« Renew » : le recul libéral de Macron

Dans sa dernière chronique pour Les Echos, Gaspard Koenig revient sur le changement de nom du groupe centriste ADLE, à l’initiative des élus En Marche au Parlement européen.

 

Gaspard rappelle que la première action du parti macroniste au Parlement européen a été d’éliminer le mot “libéral”, en contraignant le groupe centriste à abandonner son nom historique d’ADLE.

Ce dernier, existant depuis 1953, avait vu son nom varier plusieurs fois sans jamais perdre la référence libérale, essentielle pour un mouvement qui s’est battu en faveur du marché unique. En Marche fait désormais table rase de ce prestigieux passé en faveur d’un nom qui ne veut rien dire, mais qui ne choque personne et qui sonne bien : “Renew Europe”.

Malheureusement, Renew reste arrimé au consensus des années 1990 sur la fin de l’histoire, considérant l’électeur comme un consommateur versatile à séduire sans vergogne.

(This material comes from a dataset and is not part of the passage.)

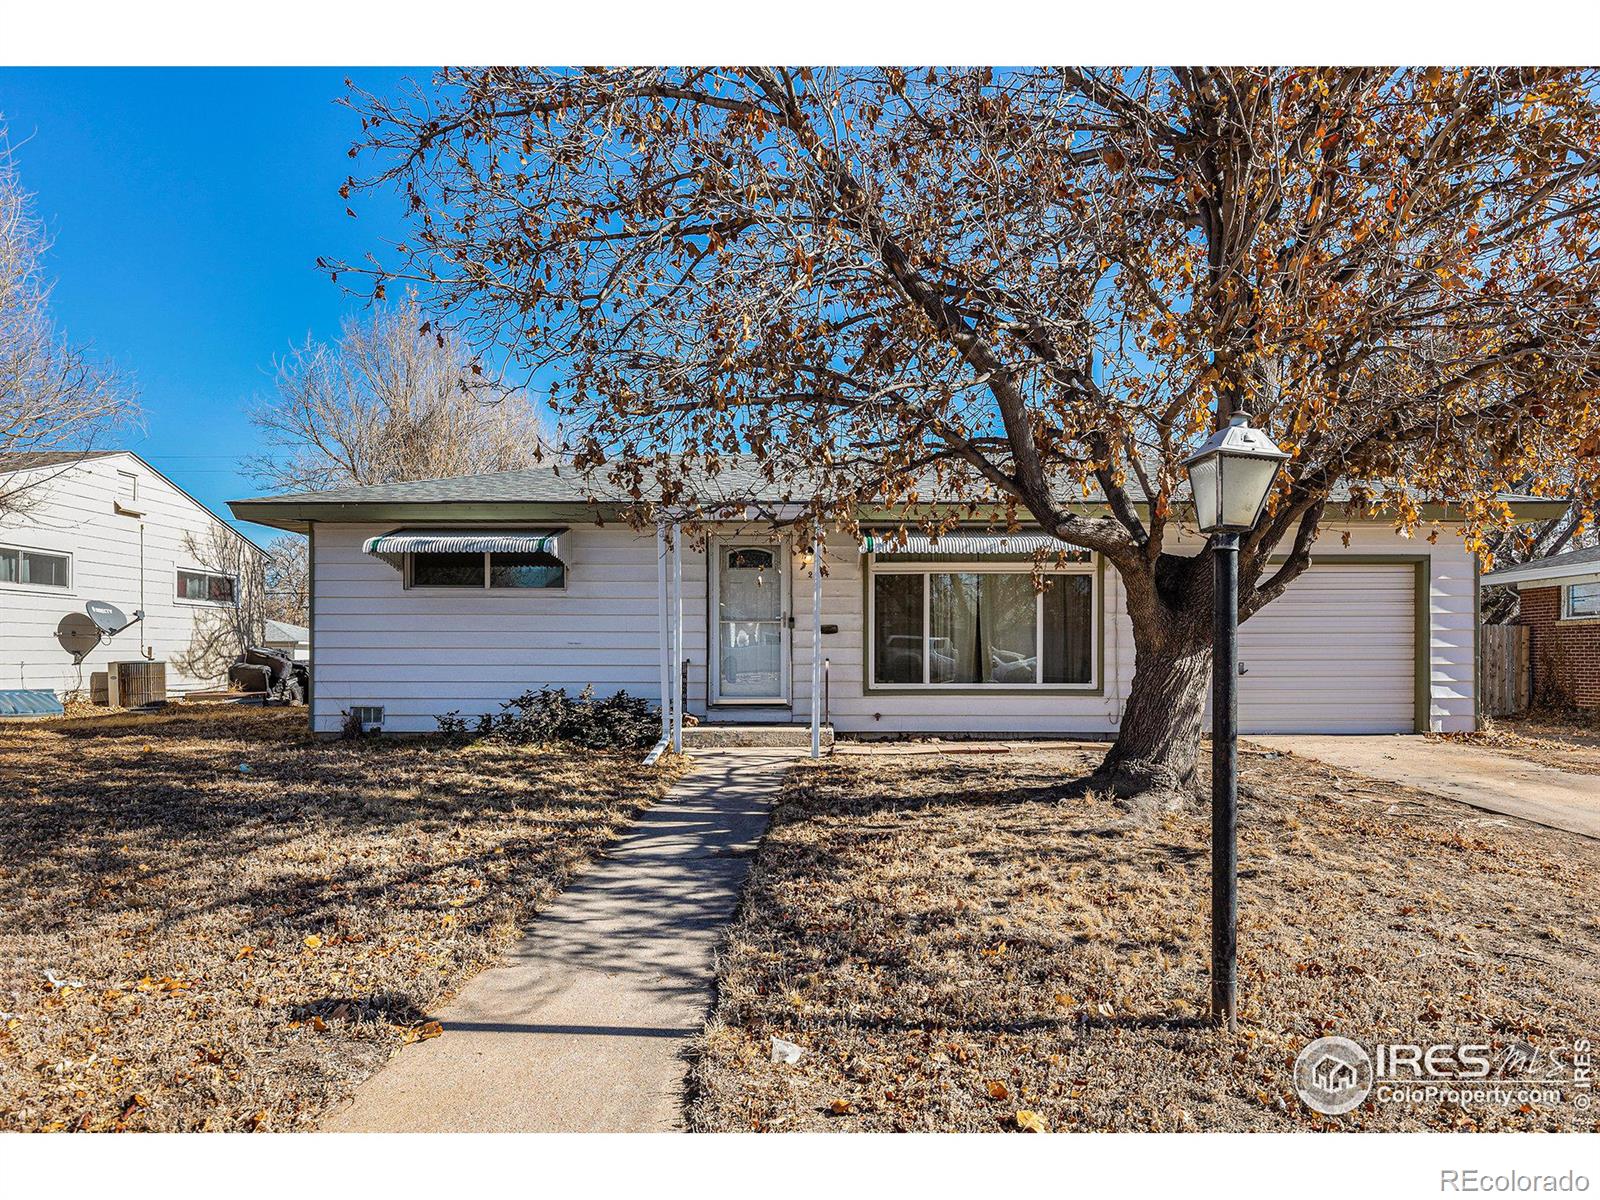 2534  15th Avenue, greeley MLS: 4567891002338 Beds: 2 Baths: 1 Price: $305,000

Gaspard estime ainsi que les libéraux doivent comprendre la nécessité de forger une “utopie libérale” s’ils ne veulent pas que Renew ne devienne vite Regret. Il regrette en effet de voir cette tradition dirigiste si française s’infiltrer dans une Europe qui portait dans ses principes le flambeau du libéralisme classique, soucieux d’émanciper l’individu des tutelles publiques comme privées.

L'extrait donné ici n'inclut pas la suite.